Is the set of all functions $\mathbb N$ $\to$ $\mathbb Q$ uncountable? Is the set of all functions from $\mathbb N$ to $\mathbb Q$ uncountable?
 A: Hint For any real number $x$ you can define a function $f_x : \mathbb N \to \mathbb Q$ by
$$f_x(n) =\frac{\lfloor nx \rfloor}{n} \,.$$
Now, the mapping $x \to f_x$ is a one to one function from $\mathbb R$ to your set.
A: The cardinality of the set of all functions from $\mathbb N$ to $\mathbb Q$ is $$|\mathbb Q^{\mathbb N}|=|\mathbb Q|^{|\mathbb N|}=\aleph_0^{\aleph_0} = 2^{\aleph_0} = \mathfrak c > \aleph_0.$$ 
So this set is uncountable.
See also:


*

*Is $\aleph_0^{\aleph_0}$ smaller than or equal to $2^{\aleph_0}$?

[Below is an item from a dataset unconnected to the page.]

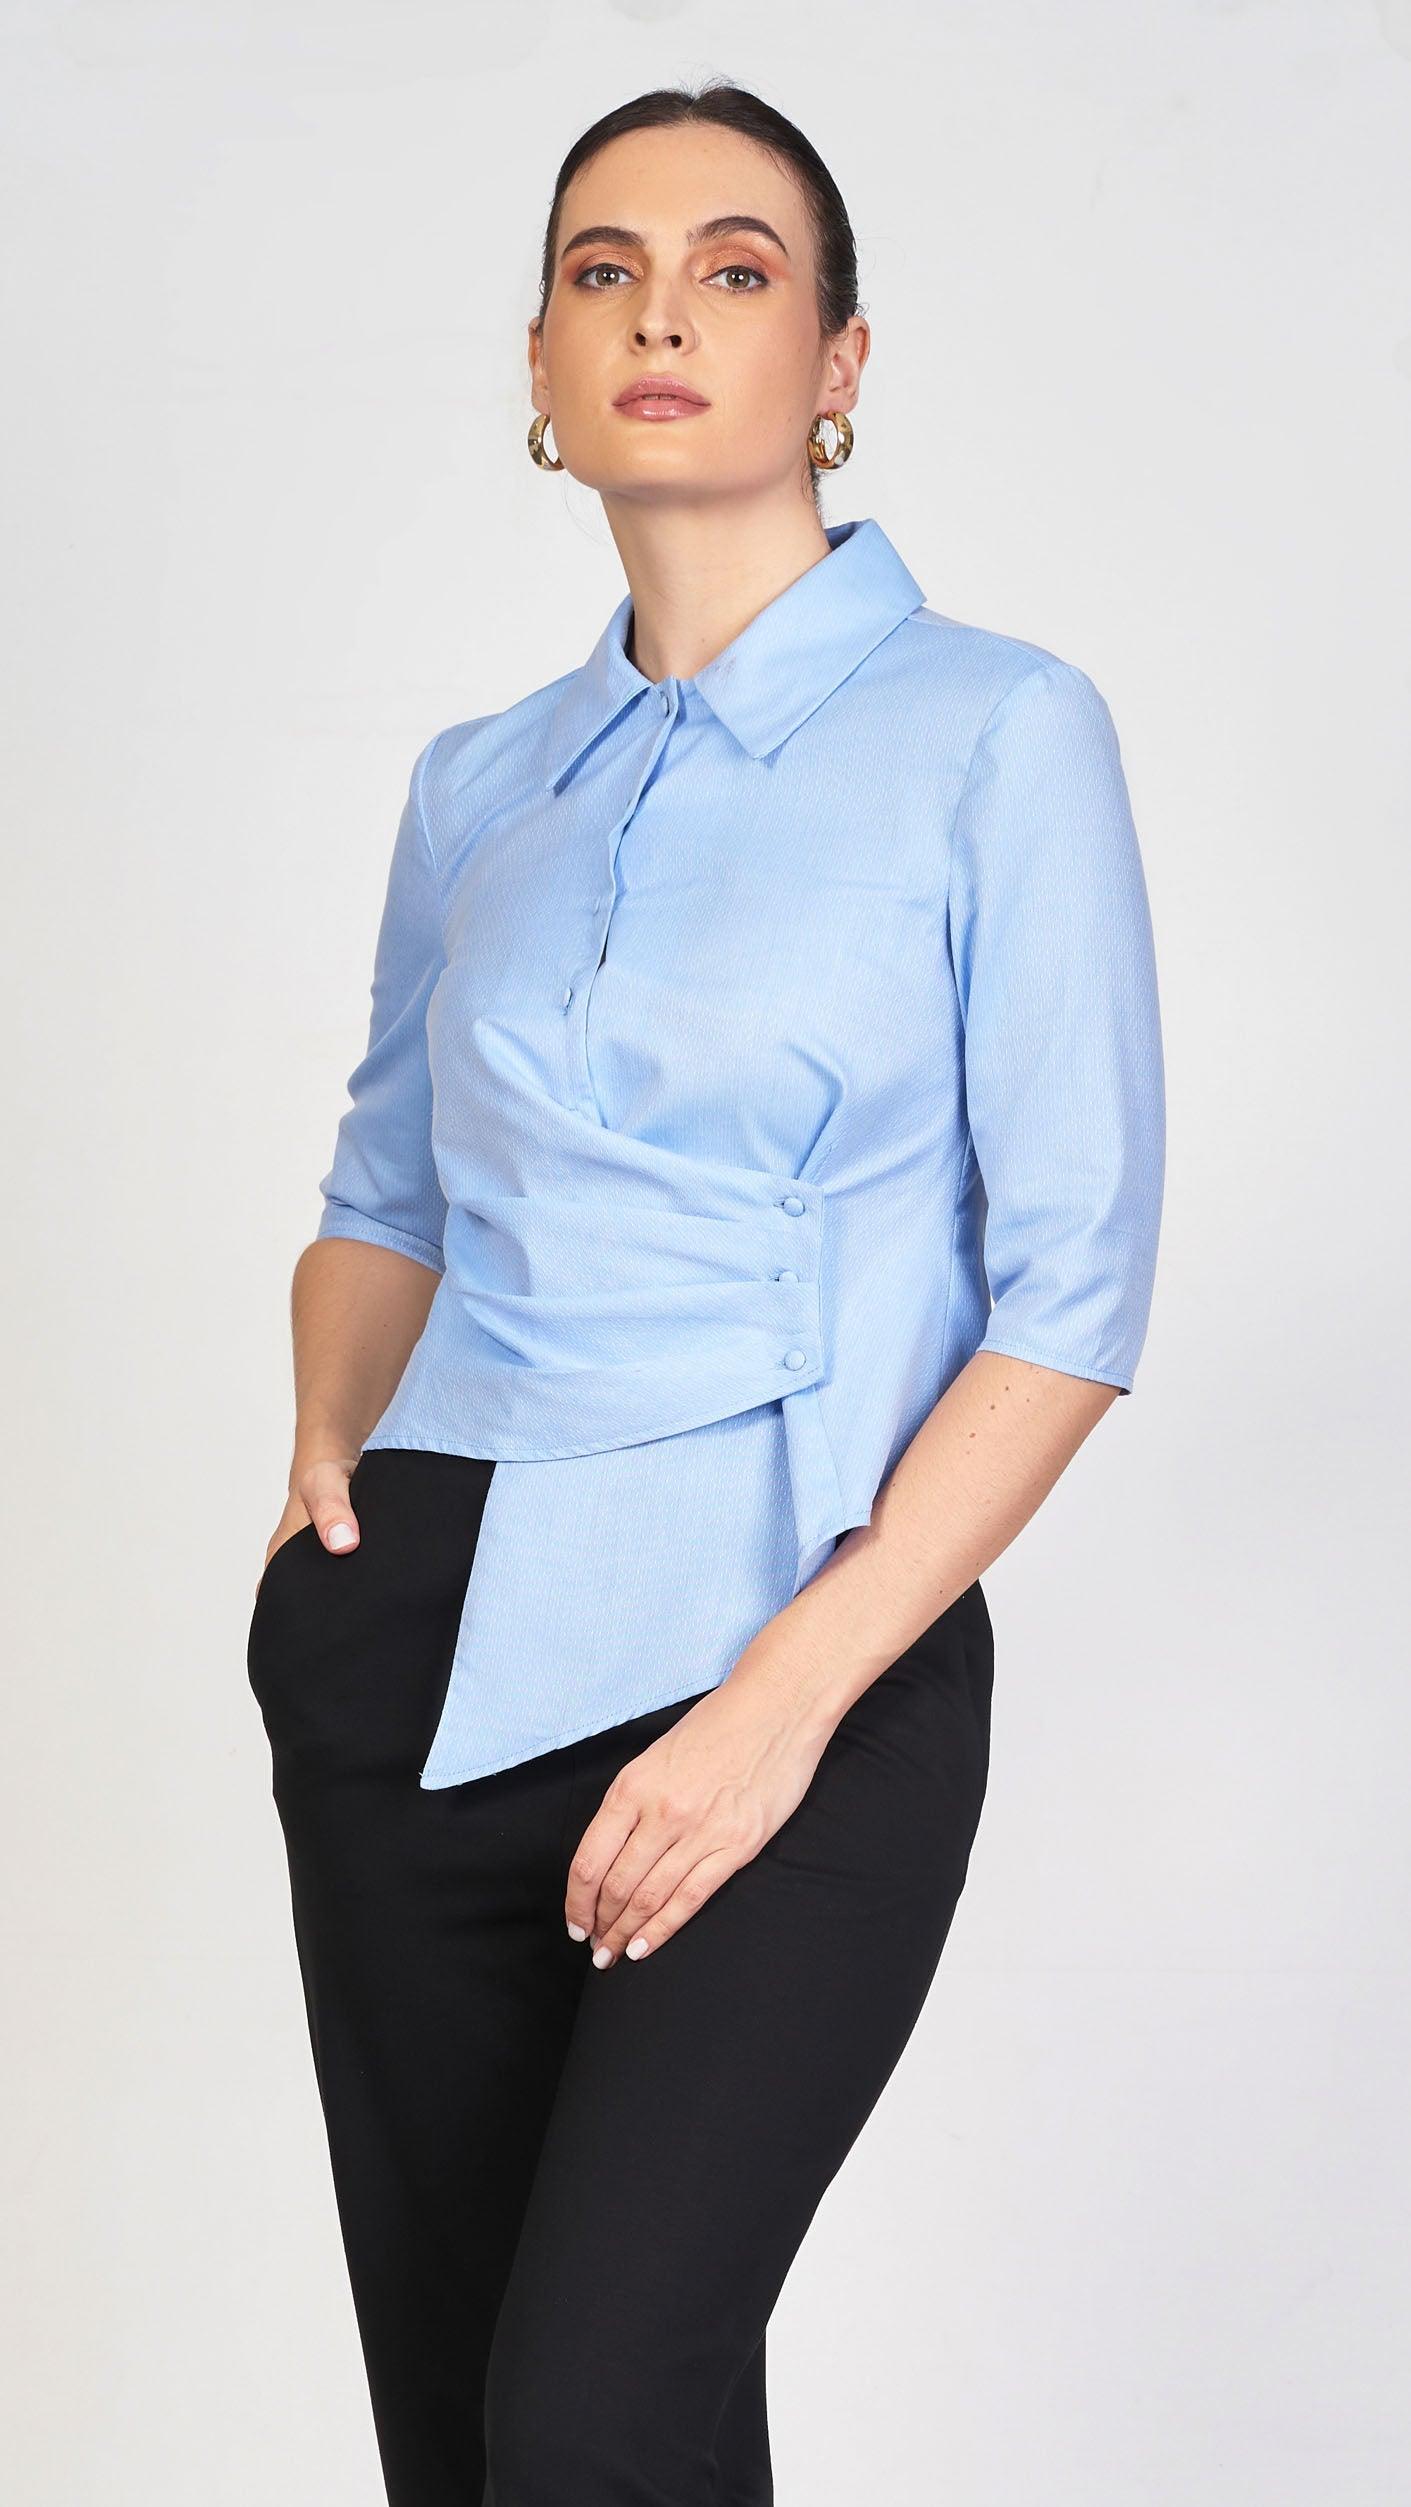 Clinched button detail top - Avirate Sri Lanka

*Is the sets of all maps from $\mathbb{N}$ to $\mathbb{N}$ countable?

*Comparing the two cardinals $\aleph_0^{\aleph_0}$ and $2^{\aleph_0}$

*What is $\aleph_0$ powered to $\aleph_0$?

*What's the cardinality of all sequences with coefficients in an infinite set?
Some of the above links are taken from: Overview of basic results on cardinal arithmetic

If you do not want to compute the cardinality of this set, just show that it is not countable, you can use diagonal argument. See, for example, some answers in these questions:


*

*The set of natural number functions is uncountable

*The set of all functions from $\mathbb{N} \to \{0, 1\}$ is uncountable?

*Show that the set of functions $\mathbb{N}\to\{0,1\}$ is not countable

*Infinite Cartesian product of countable sets is uncountable
(You should think a little bit about why showing this for functions $\mathbb N\to\mathbb N$ and $\mathbb N\to\mathbb Q$ is equivalent.)
A: Yes, in fact you can see it in this way: split the set $A=\{f\colon \mathbb N\to \mathbb N\}$ into $B=\{f\colon \mathbb N\to \mathbb N\colon f(n)=9 \mbox{ eventually}\}$ and $C=A\setminus B$. Then you can map bijectively $C$ to $[0,1)$ by sending $f$ to $0,f(1)f(2)f(3)\ldots$ On the other hand, $B$ is countable because it is a countable union of countable sets.